### Prompt
The full listing is to be returned exactly as given, but without pictures.

### Recorded data
◇ ◇ ◇
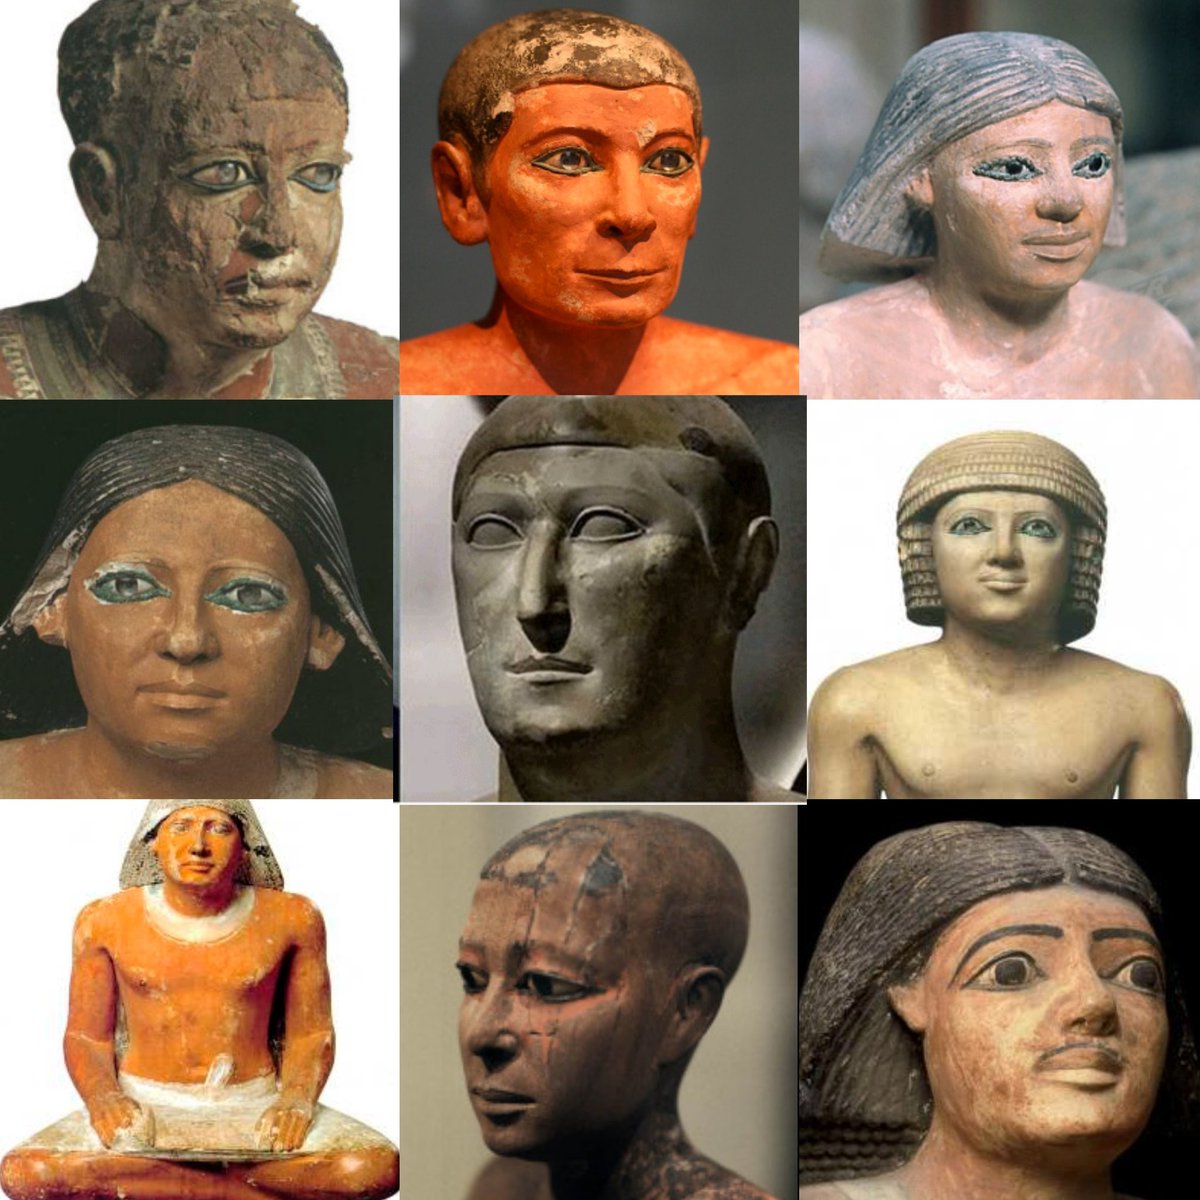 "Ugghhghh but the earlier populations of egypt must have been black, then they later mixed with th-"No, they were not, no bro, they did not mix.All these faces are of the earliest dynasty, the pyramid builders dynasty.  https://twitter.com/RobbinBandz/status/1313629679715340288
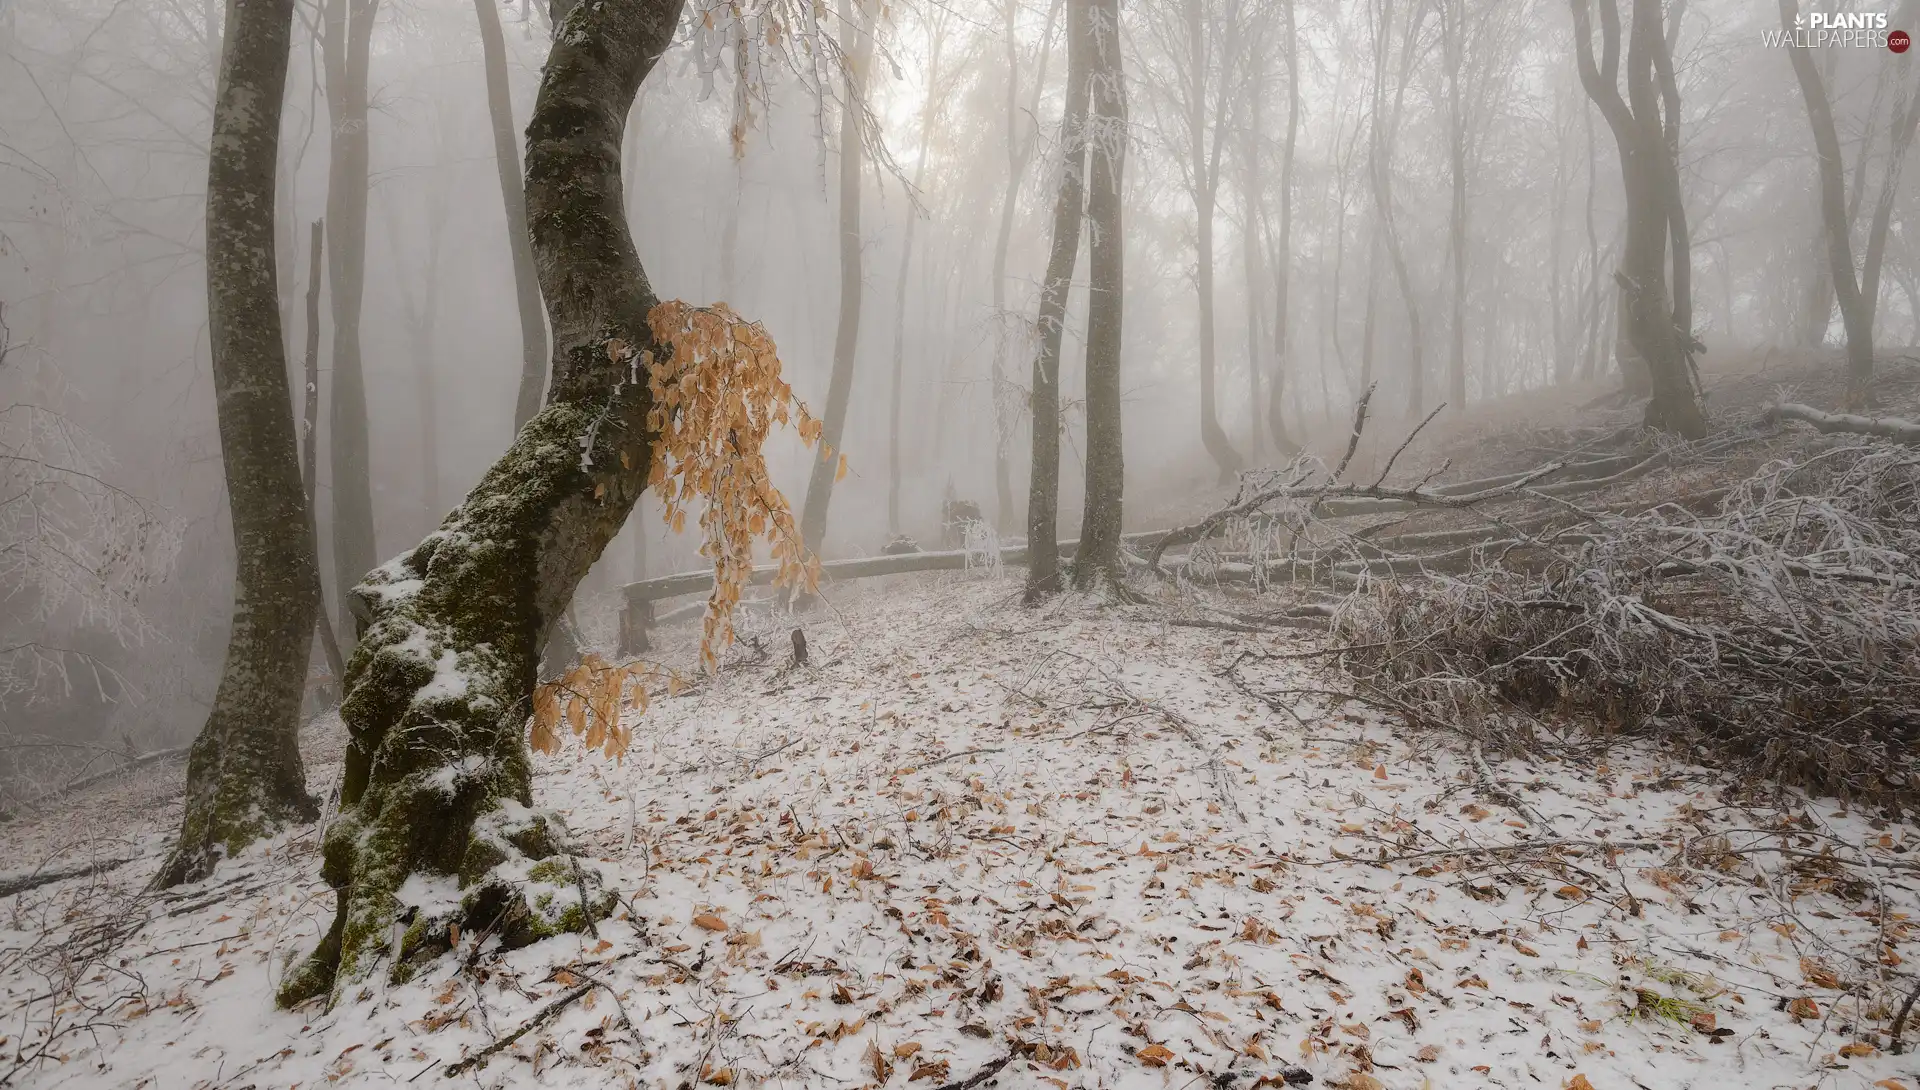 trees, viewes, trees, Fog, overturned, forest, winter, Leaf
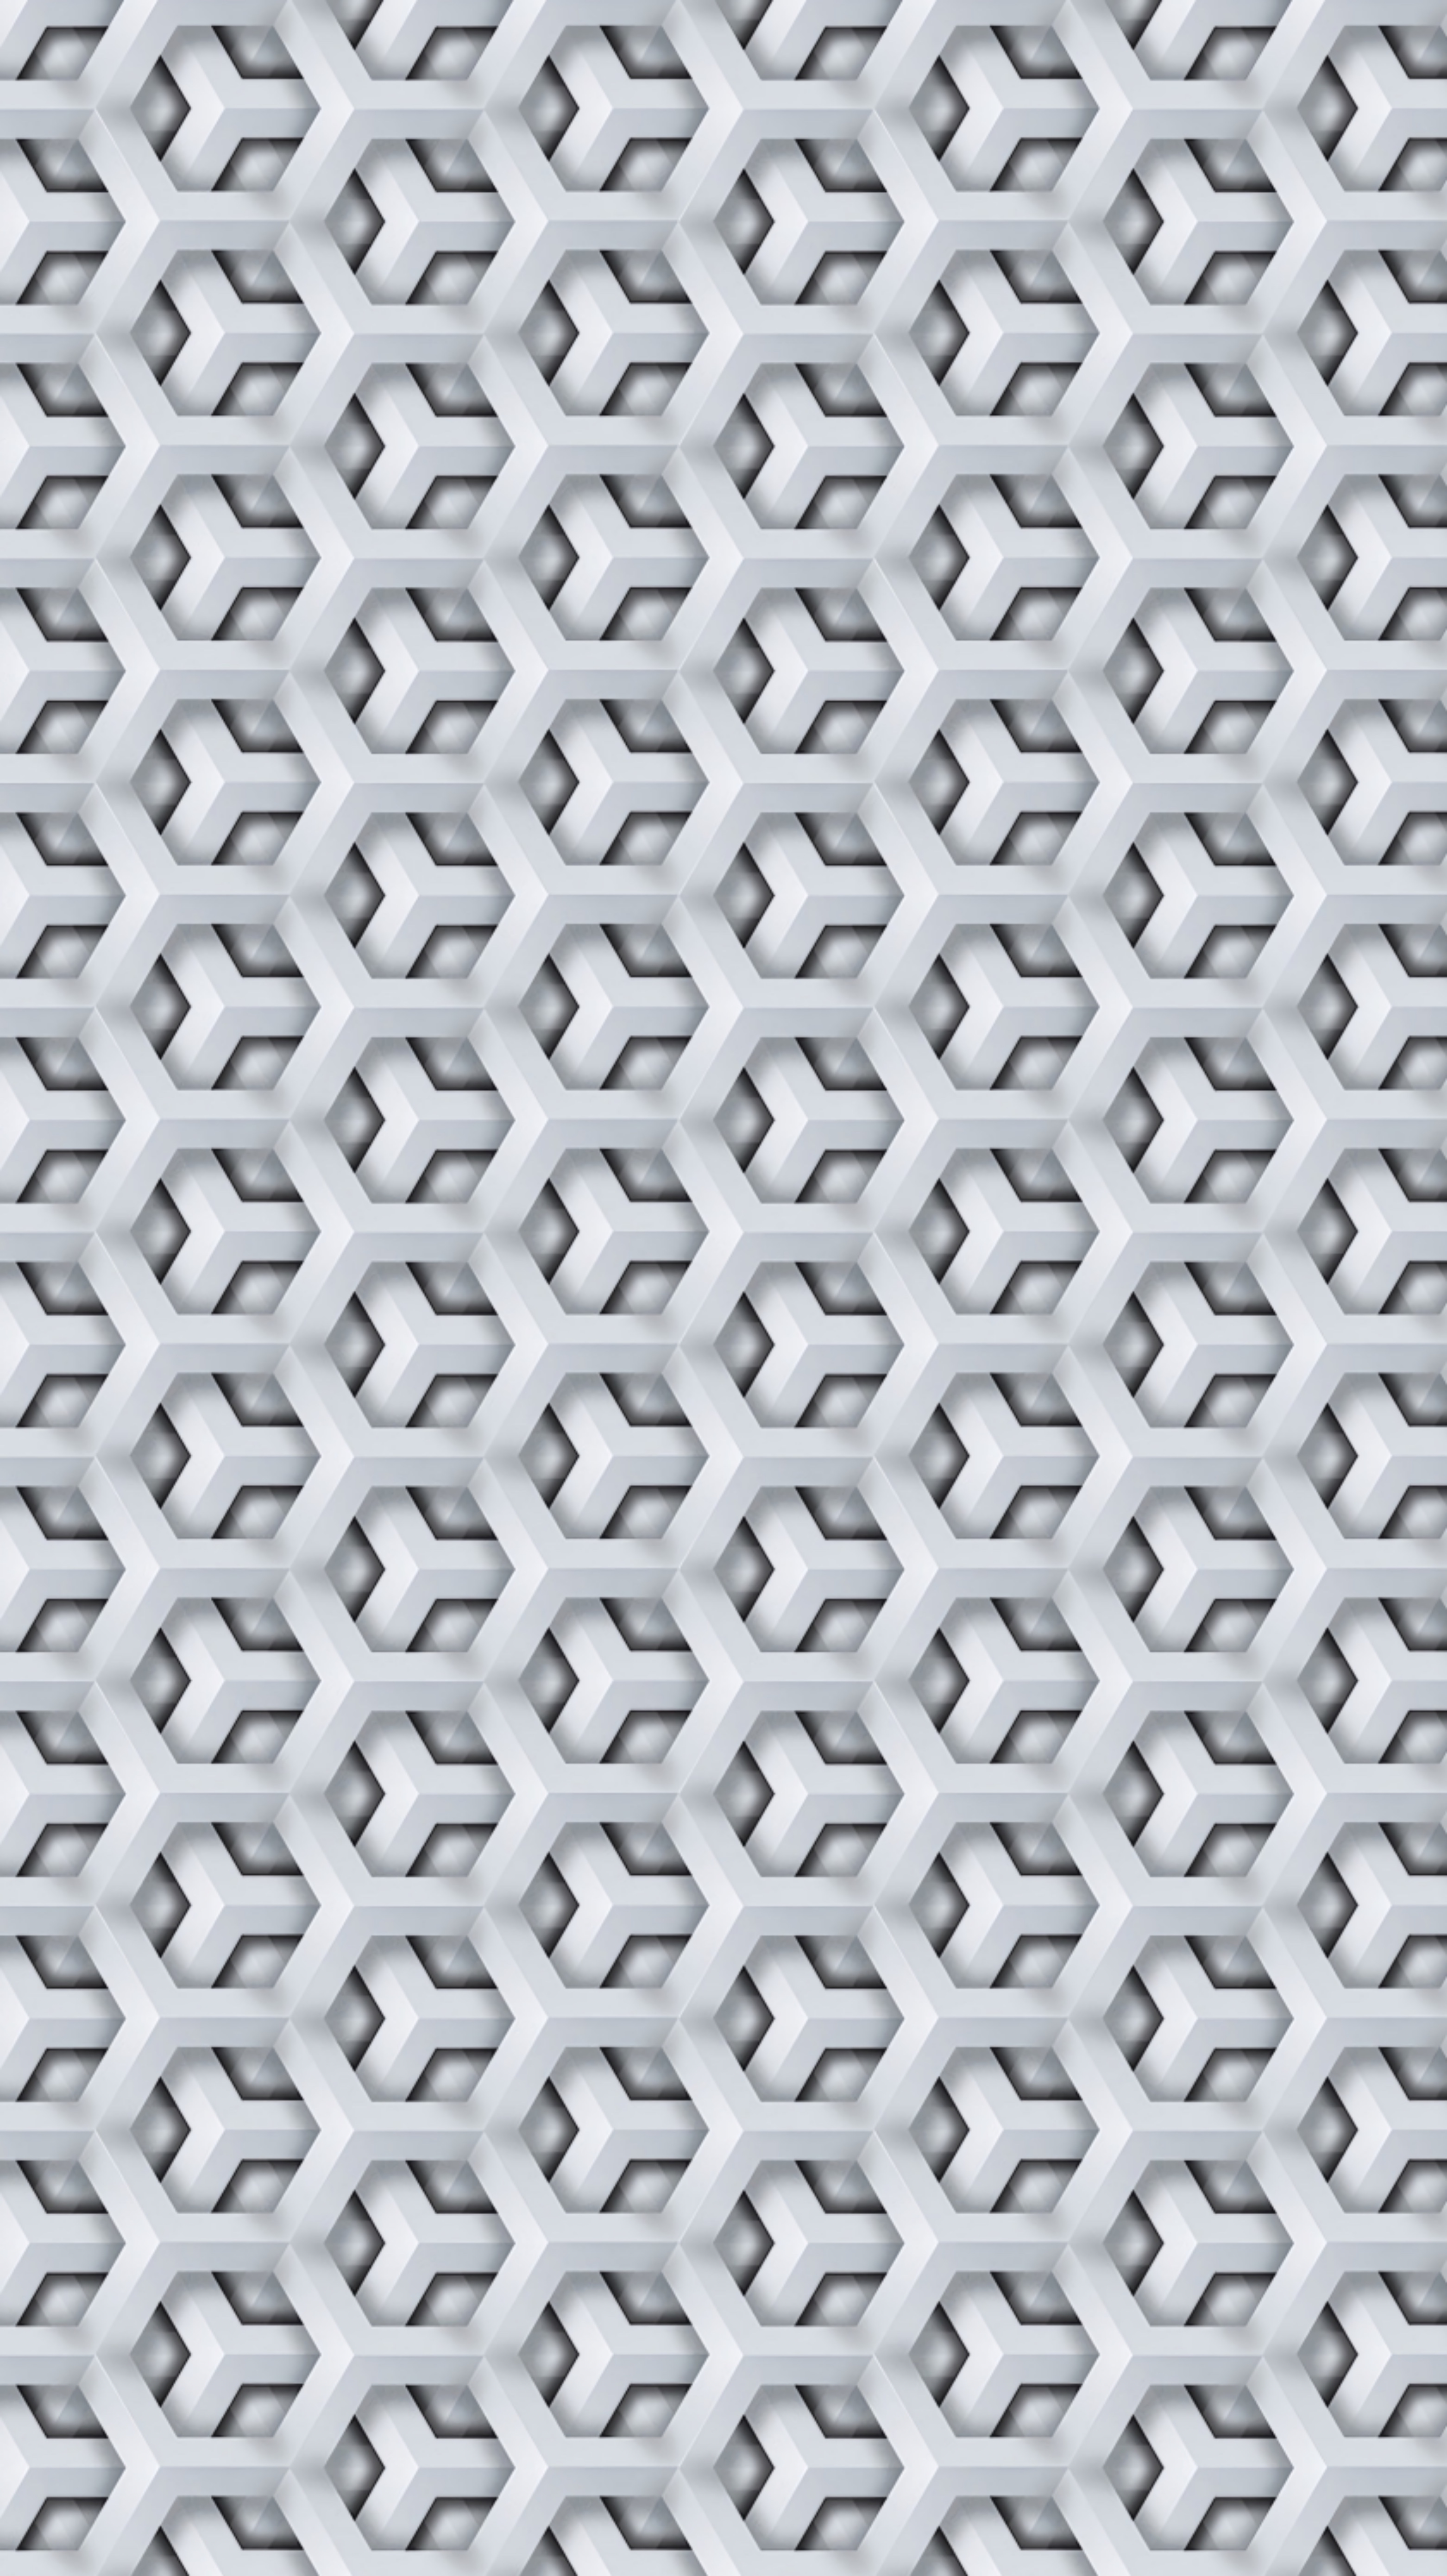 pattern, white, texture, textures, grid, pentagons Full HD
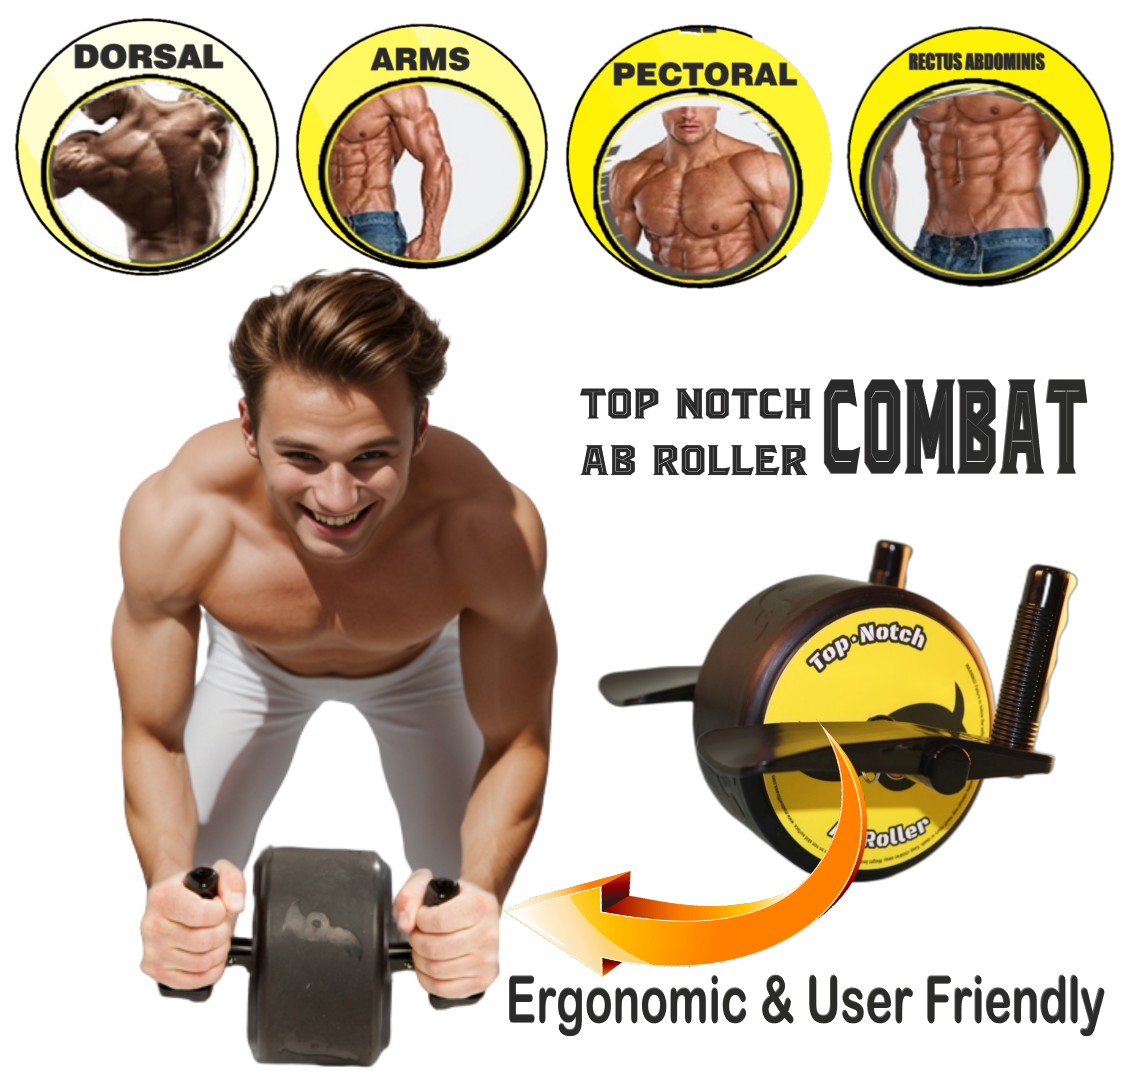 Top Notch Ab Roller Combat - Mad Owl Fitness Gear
◇ ◇ ◇
### Solution below
 "Ugghhghh but the earlier populations of egypt must have been black, then they later mixed with th-"No, they were not, no bro, they did not mix.All these faces are of the earliest dynasty, the pyramid builders dynasty.  https://twitter.com/RobbinBandz/status/1313629679715340288
 trees, viewes, trees, Fog, overturned, forest, winter, Leaf
 pattern, white, texture, textures, grid, pentagons Full HD
 Top Notch Ab Roller Combat - Mad Owl Fitness Gear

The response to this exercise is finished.